Andy sprang up, cracked his heels together, and gave a shout.

“You’re right, Frank; it was Monday!” he cried.

“Say, what’s all this row about?” demanded Elephant, looking puzzled. “I don’t see what difference it makes whether it was Friday or Monday, so long as the little wizard wrench is lost, dead sure.”

“Why, you slow coach!” cried Andy, “don’t you understand that if I sure had it right here in the shop on Monday it never could have been lost on Saturday. So both you and Larry guessed off the hook. It didn’t drop from my pocket into that blessed old muck hole.”

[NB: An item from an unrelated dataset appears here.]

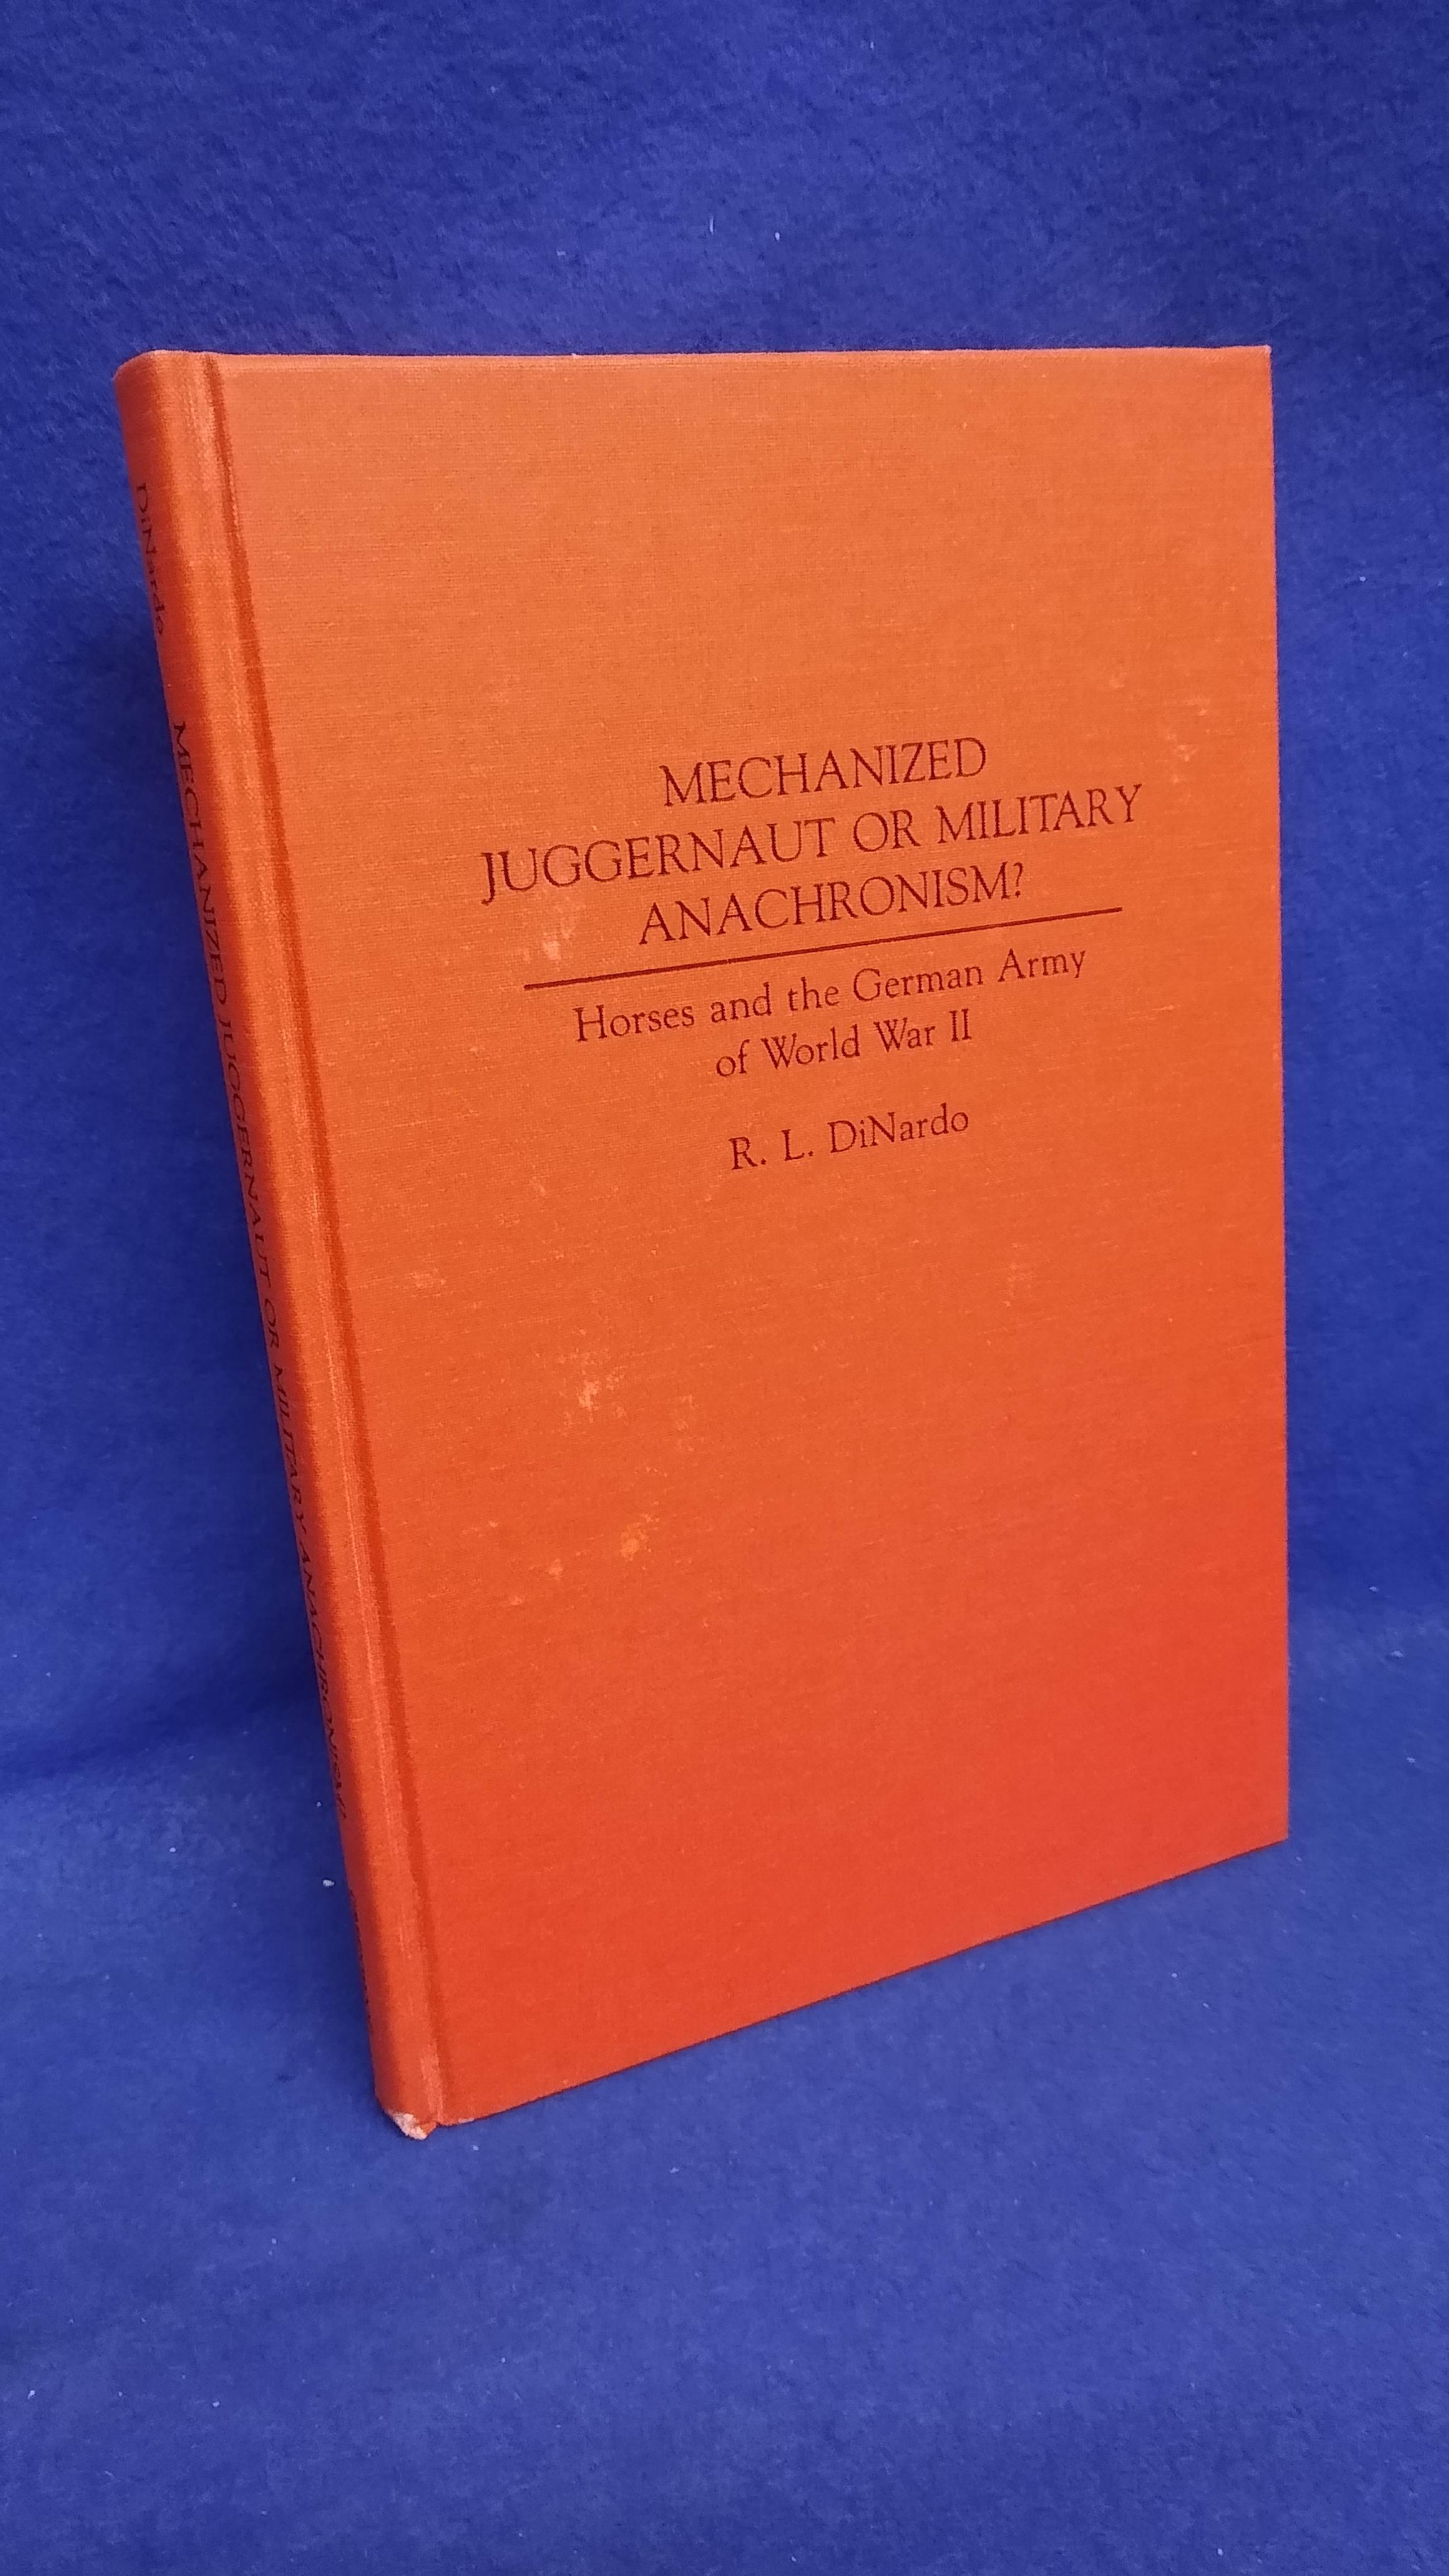 Mechanized Juggernaut or Military Anachronism: Horses and the German Army of World War II.

“And then the old eagle couldn’t have lifted it either!” observed Elephant, with a look of disappointment on his face, as he saw the one bright idea of his life vanishing in smoke.

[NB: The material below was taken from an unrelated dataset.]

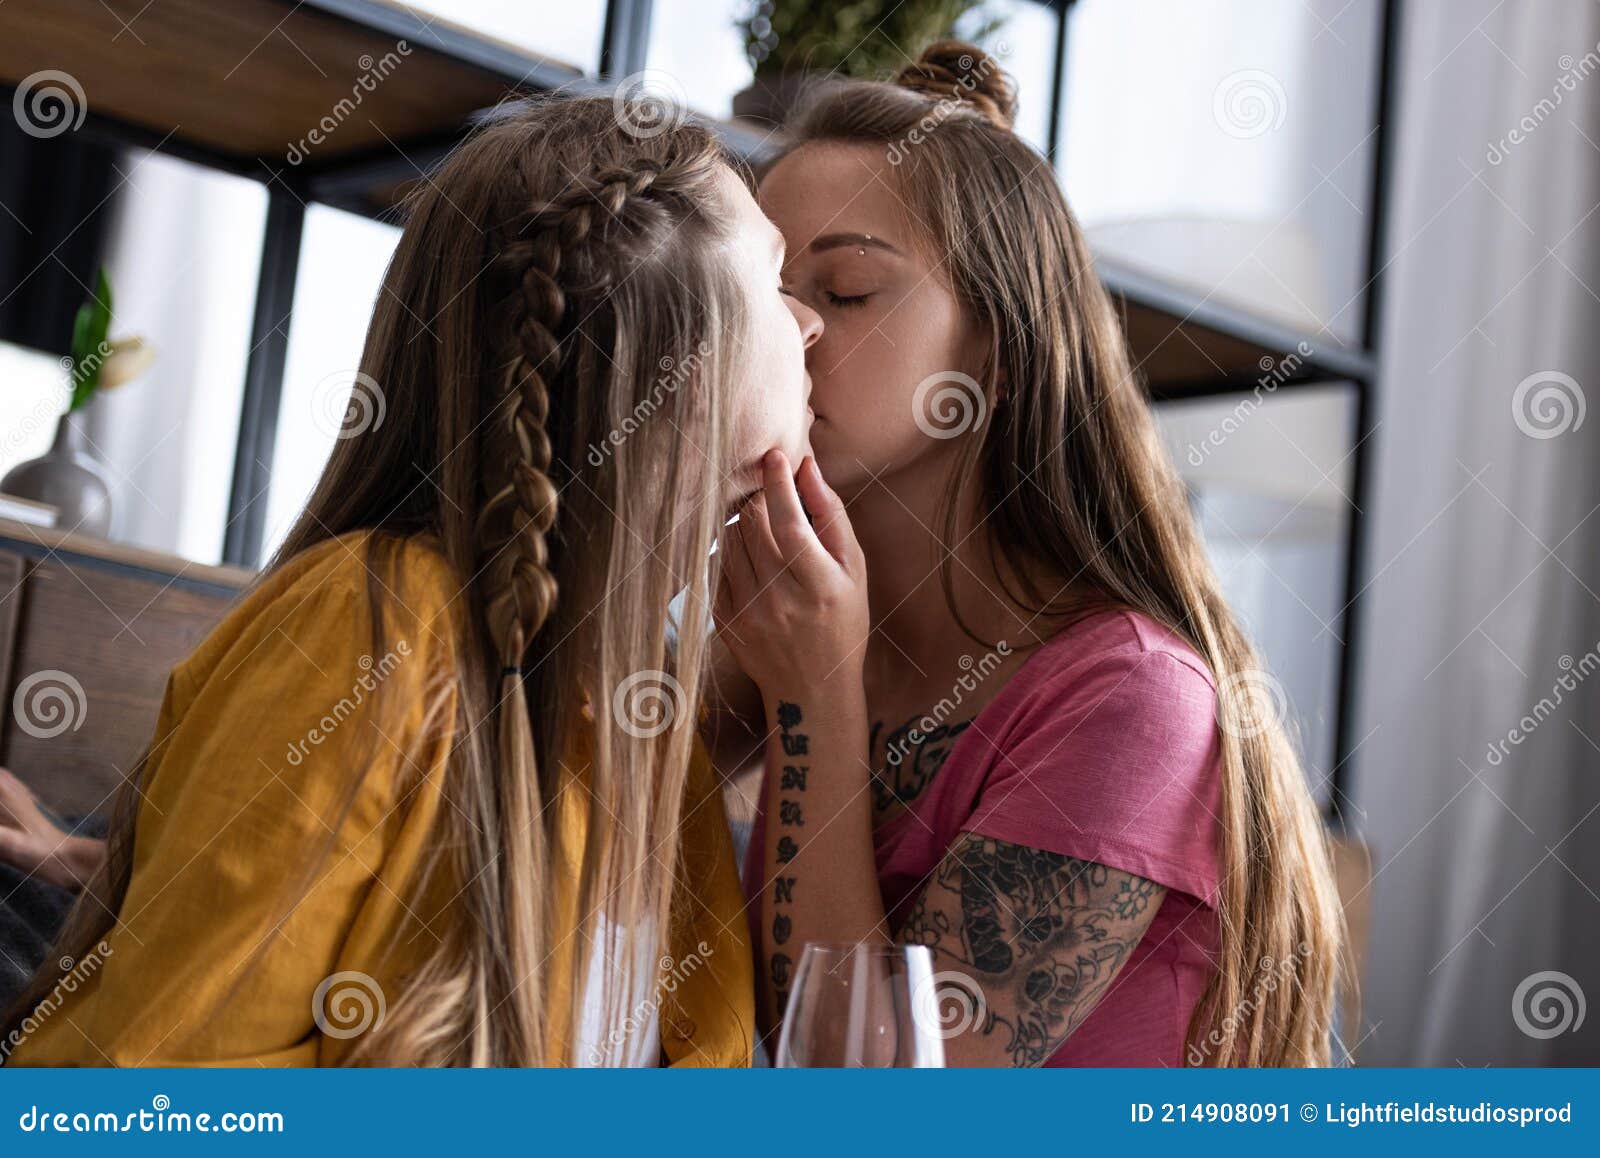 469 Lesbians Kissing Stock Photos

“And if I had it here it ought to be around somewhere!” observed Andy; whereupon he started overturning everything that chanced to be lying on table or floor, until Frank begged him to desist or else they would find themselves in a peck of trouble regarding other things that could not be found.

“But hope has revived, anyhow,” asserted Andy, doggedly, “and I’m never going to give over the hunt. That invaluable little tool has just got to be found. And I’m the Peary that will get there sooner or later.”

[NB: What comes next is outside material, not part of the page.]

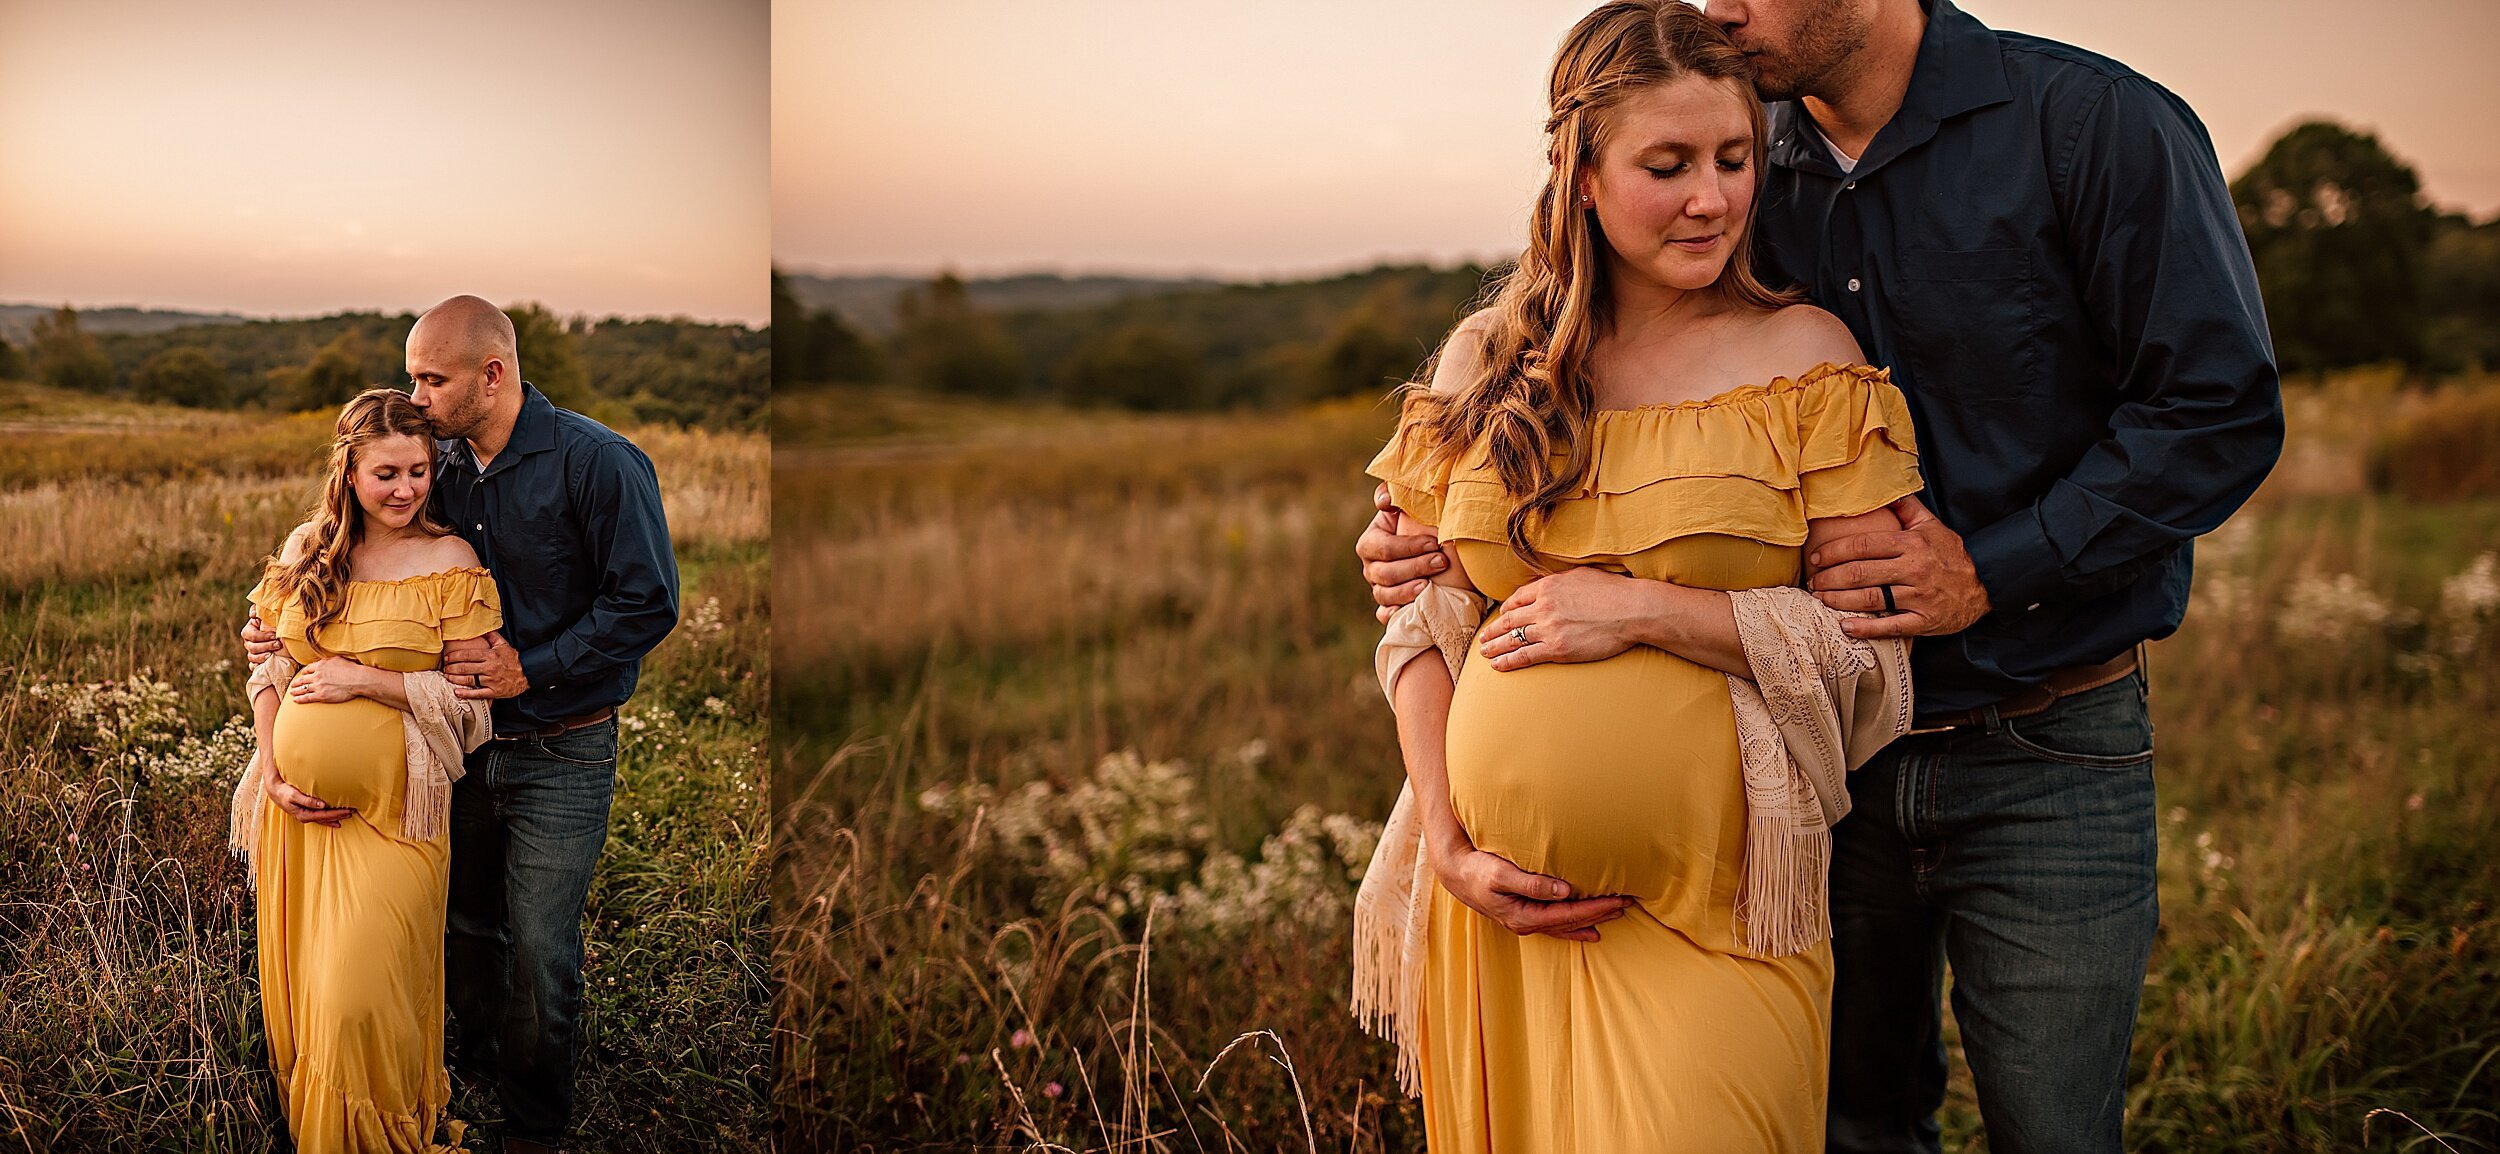 canton-ohio-family-frye-family-park-maternity-session-outdoor-sunset-fields-lauren-grayson-photography_0127.jpeg

“All right,” said Frank; “but I can see Larry coming whooping along the road out yonder on his wheel, and he looks as if he had something to tell us. Yes, whenever Larry grins like that all over his face he is bursting with information. So get ready to be surprised, fellows.”

CHAPTER IX.
THE NEWS LARRY BROUGHT.

“Don’t you take too much stock in Larry bringing news,” observed Andy, still letting his eyes rove all around the walls of the shed, as though striving to discover somewhere the object of his dearest wish.